Investment Thesis Template Structure
- 1. Company Overview (3 sentences): What does the company do? Who are its customers? What is its business model?
- 2. Investment Thesis Summary (1 sentence): Exactly why you believe this stock is undervalued or will outperform.
- 3. Bull Case: Best-case scenario with specific assumptions (revenue growth, margin expansion, multiple re-rating)
- 4. Bear Case: Worst-case scenario — what would cause permanent capital loss?
- 5. Base Case: Most likely outcome with realistic assumptions and target price
- 6. Valuation: DCF + multiple-based analysis. What are you paying and what are you getting?
- 7. Catalysts: Specific, dated events that will cause the market to recognize the value
- 8. Key Risks: The 3-5 risks that could make you wrong and how you'll monitor them
- 9. Position Sizing: How much will you allocate and why (conviction-based sizing)

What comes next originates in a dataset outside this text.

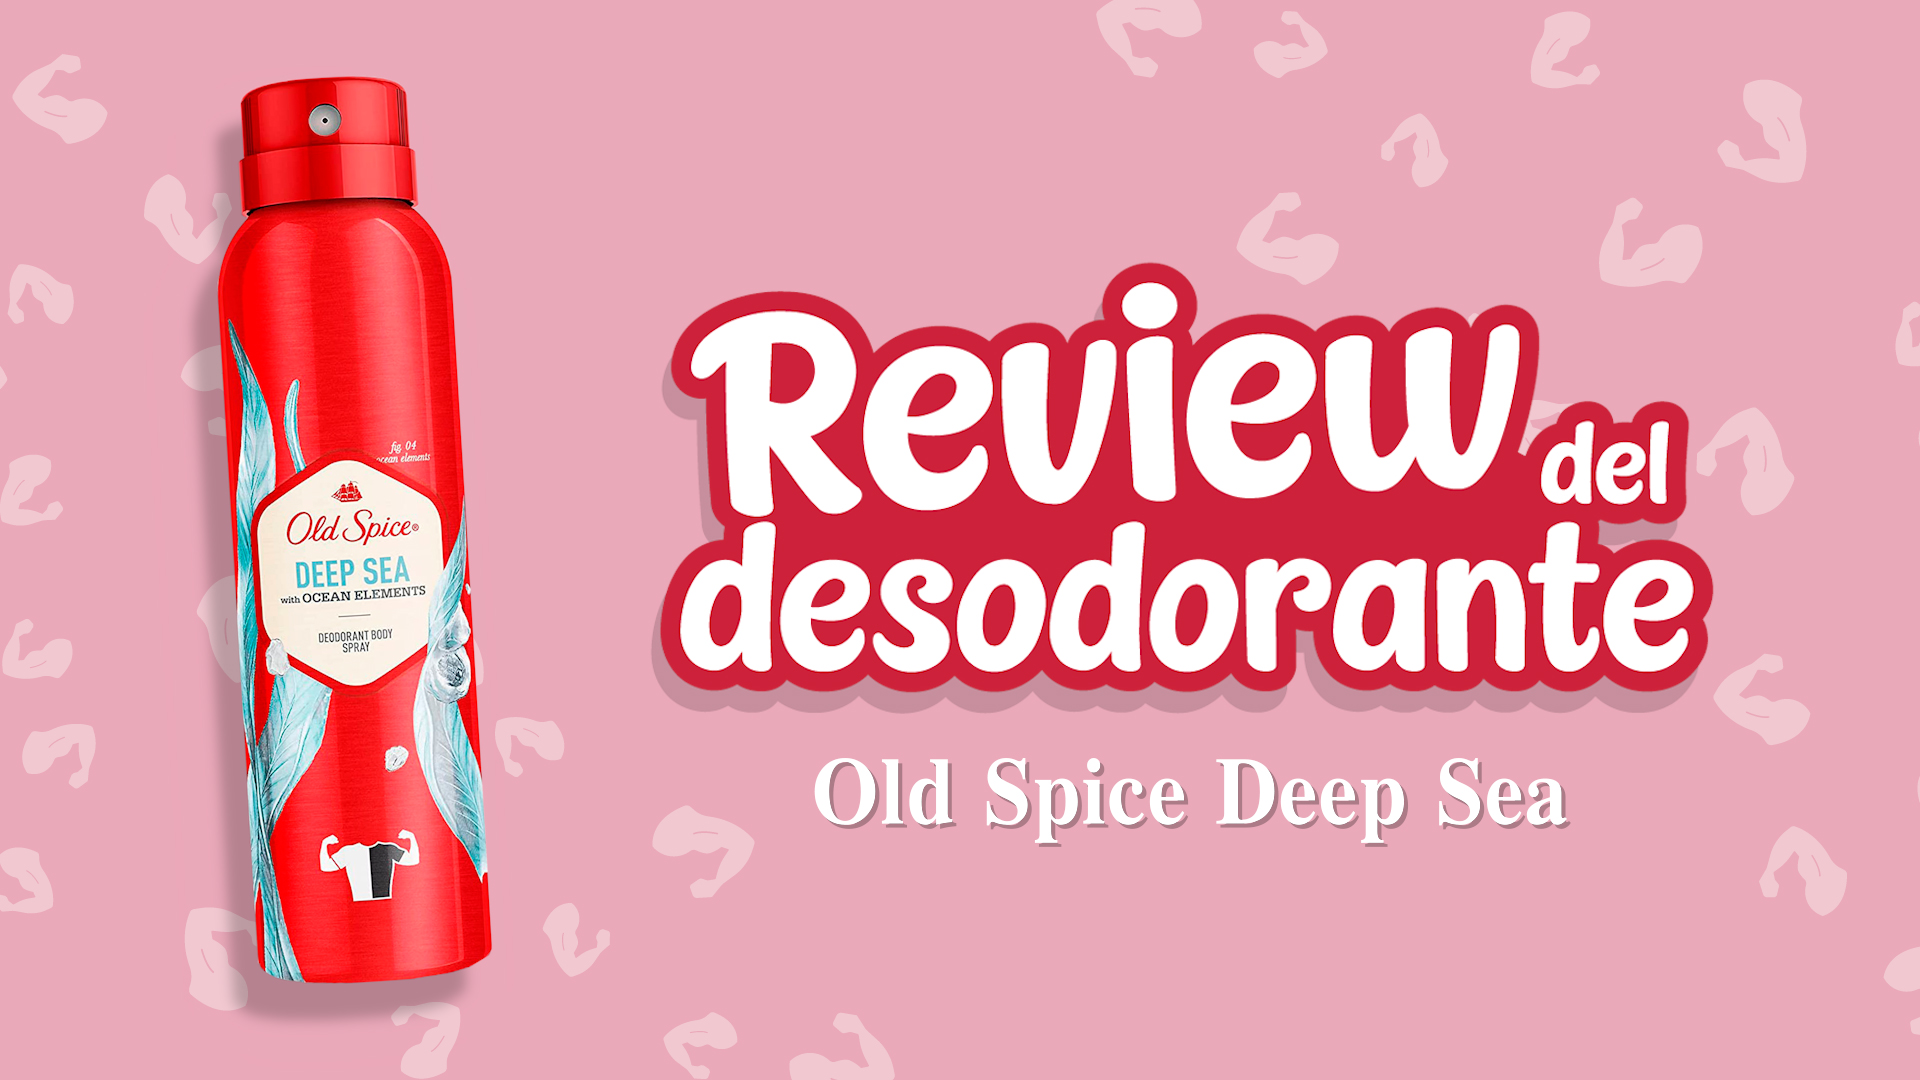 Desodorante Old Spice deep sea
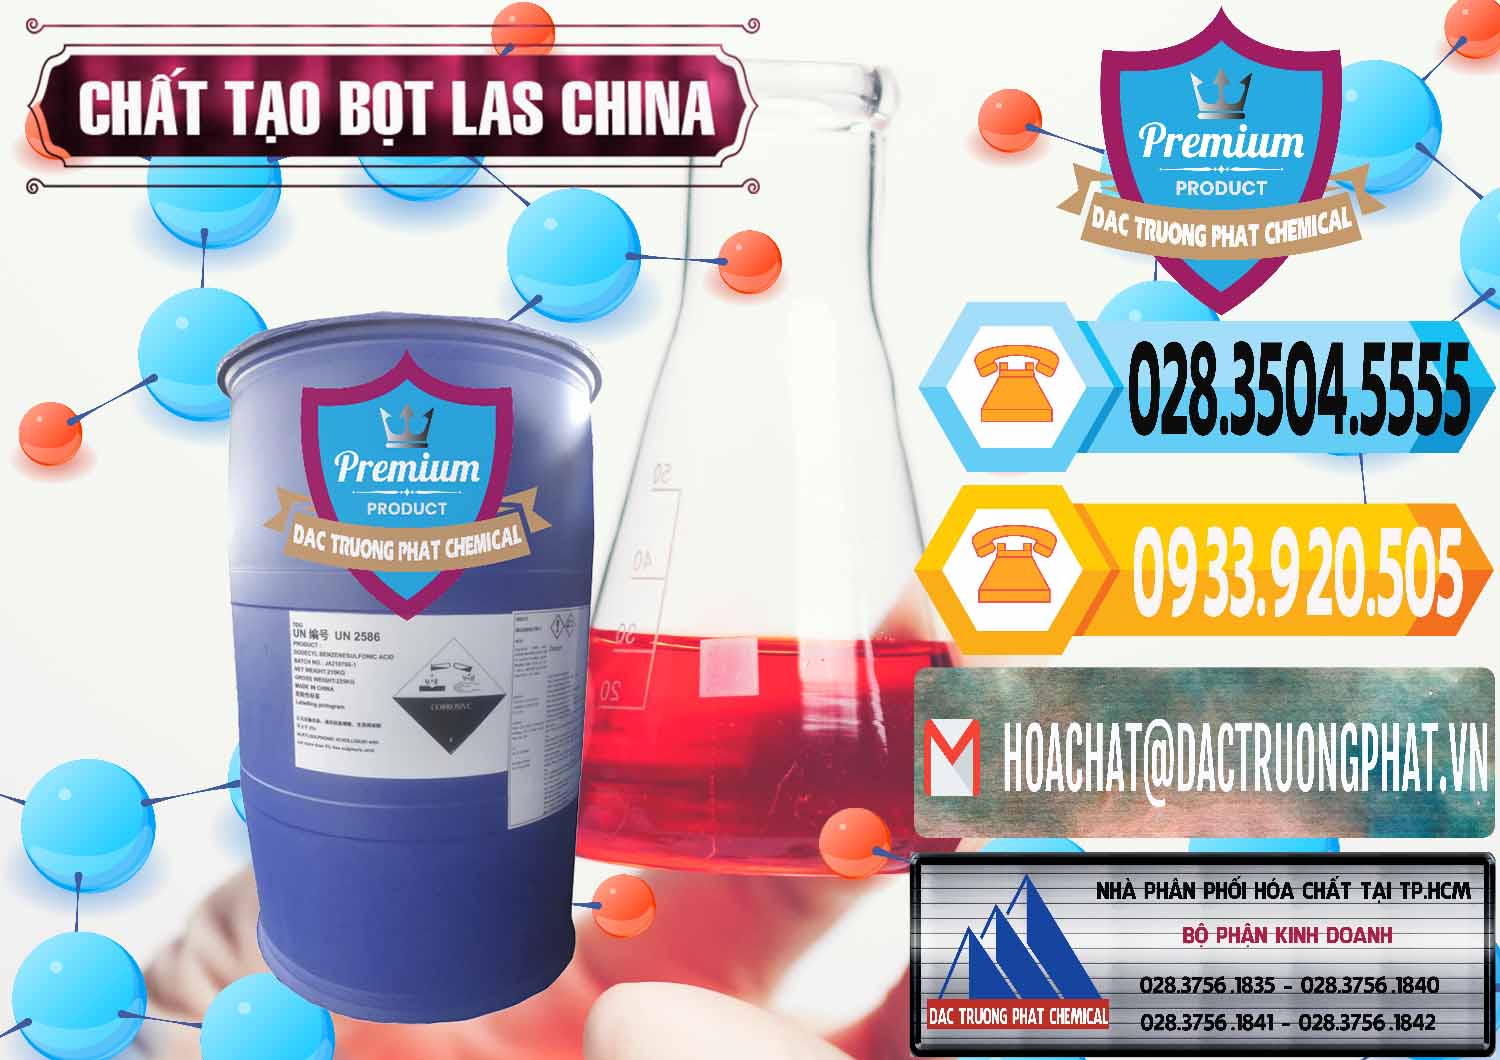 Cty chuyên kinh doanh & bán Chất tạo bọt Las Trung Quốc China - 0451 - Đơn vị bán & phân phối hóa chất tại TP.HCM - hoachattayrua.net

- 10. Exit Criteria: Price target, time horizon, and what events would cause you to sell early
Key Valuation Inputs to Include
| Metric | Description | Why It Matters |
|---|---|---|
| Revenue Growth Rate | Next 3-5 year CAGR estimate | Primary driver of future value |
| Operating Margin | Target margin at maturity | Determines free cash flow generation |
| Terminal Growth Rate | Long-run growth assumption | Critical DCF input — use 2-3% |
| WACC / Discount Rate | Risk-adjusted required return | Higher risk = higher discount rate |
| EV/EBITDA at Exit | What multiple the market will pay | Anchors price target calculation |
| Time Horizon | How long until thesis plays out | 3-5 years typical for value investments |
Common Investment Thesis Mistakes
- Confirmation bias: only seeking out information that supports your existing view
- Missing the variant perception: why is the market wrong and why do you know better?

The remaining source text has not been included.